-- Data in this exercise follows --

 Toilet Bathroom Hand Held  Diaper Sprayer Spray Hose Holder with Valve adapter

-- Data in this exercise concluded --
-- Data in this exercise follows --

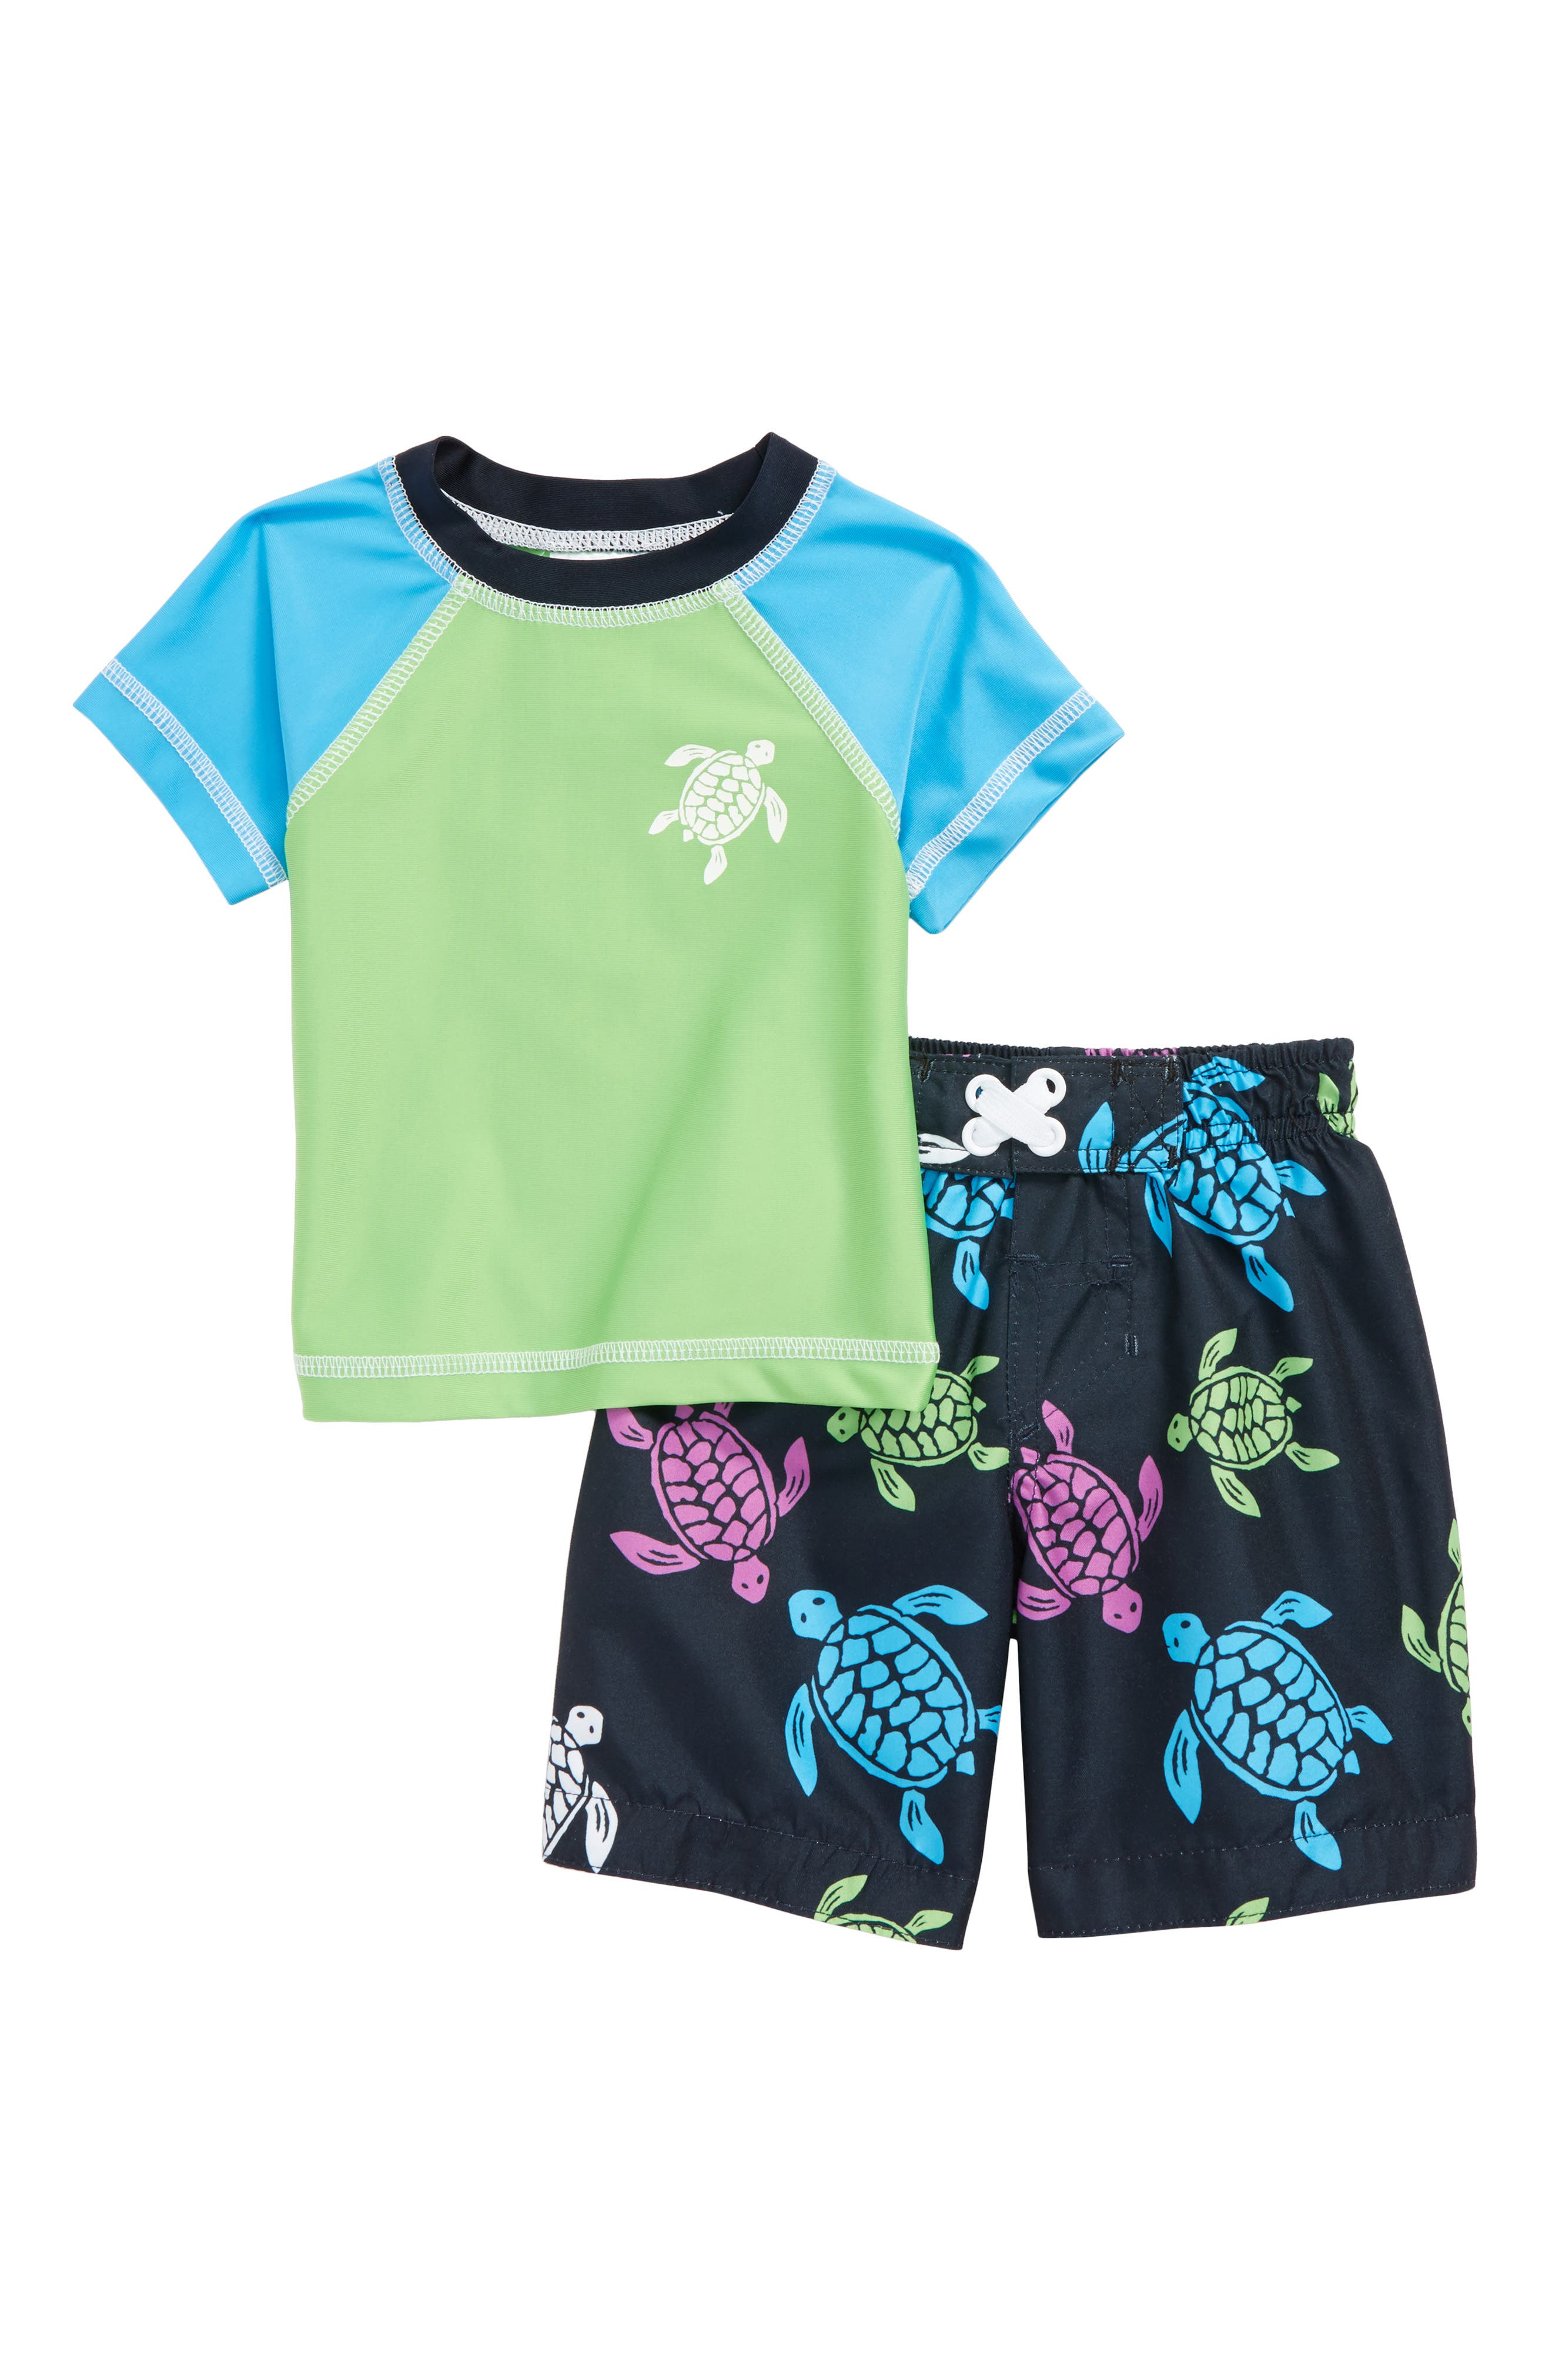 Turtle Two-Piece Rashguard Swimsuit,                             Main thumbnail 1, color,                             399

-- Data in this exercise concluded --
-- Data in this exercise follows --

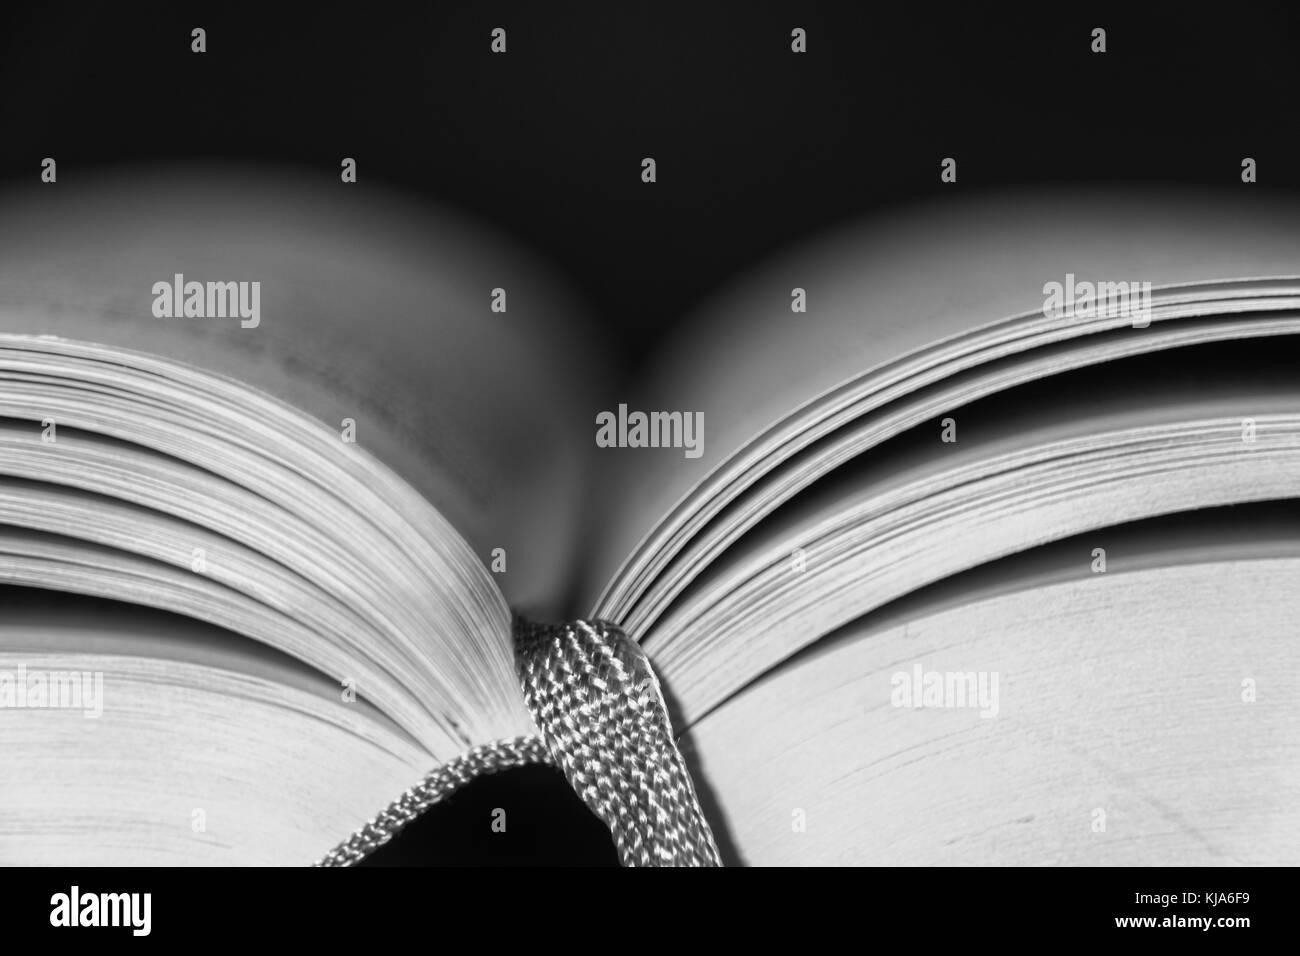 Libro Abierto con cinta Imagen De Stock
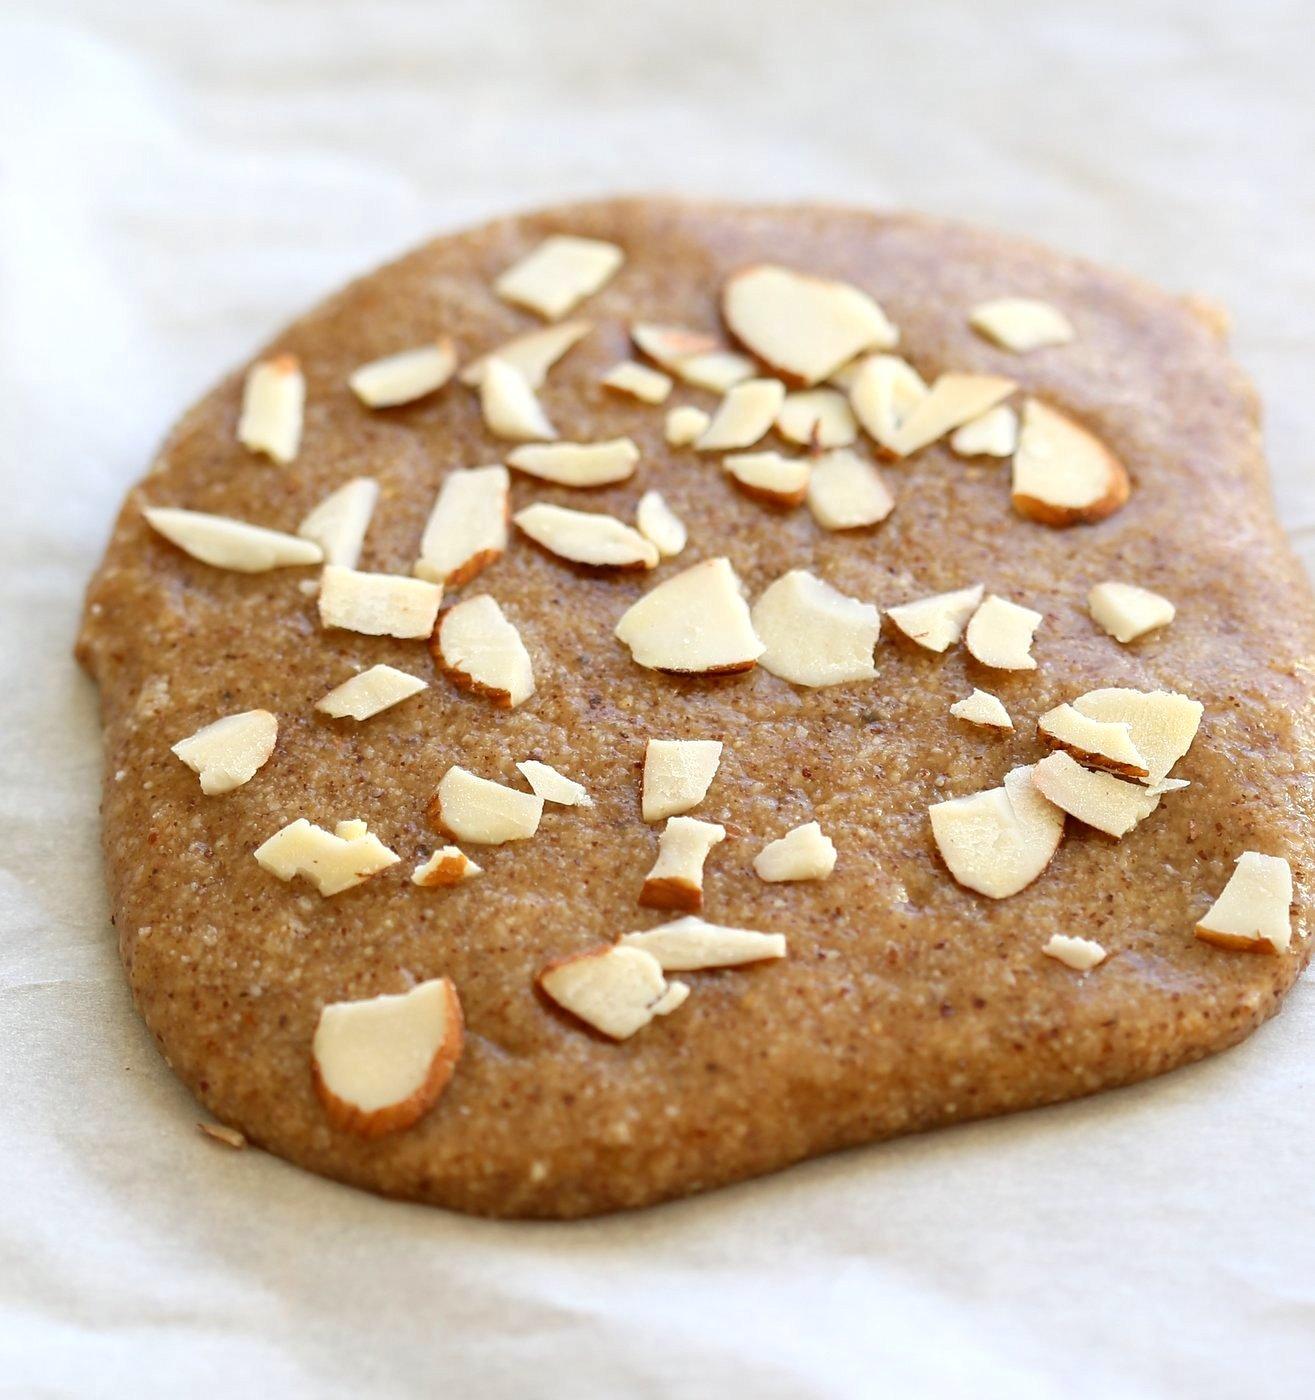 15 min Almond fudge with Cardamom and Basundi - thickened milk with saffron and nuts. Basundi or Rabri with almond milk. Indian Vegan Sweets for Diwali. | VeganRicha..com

-- Data in this exercise concluded --

-- Exercise prompt --
In the entries above, find the line with "Libro Abierto con cinta Imagen De Stock" and the line with "15 min Almond". Return exactly those lines and all the ones between them, pictures excluded.

-- Solved problem --
 Libro Abierto con cinta Imagen De Stock
 15 min Almond fudge with Cardamom and Basundi - thickened milk with saffron and nuts. Basundi or Rabri with almond milk. Indian Vegan Sweets for Diwali. | VeganRicha..com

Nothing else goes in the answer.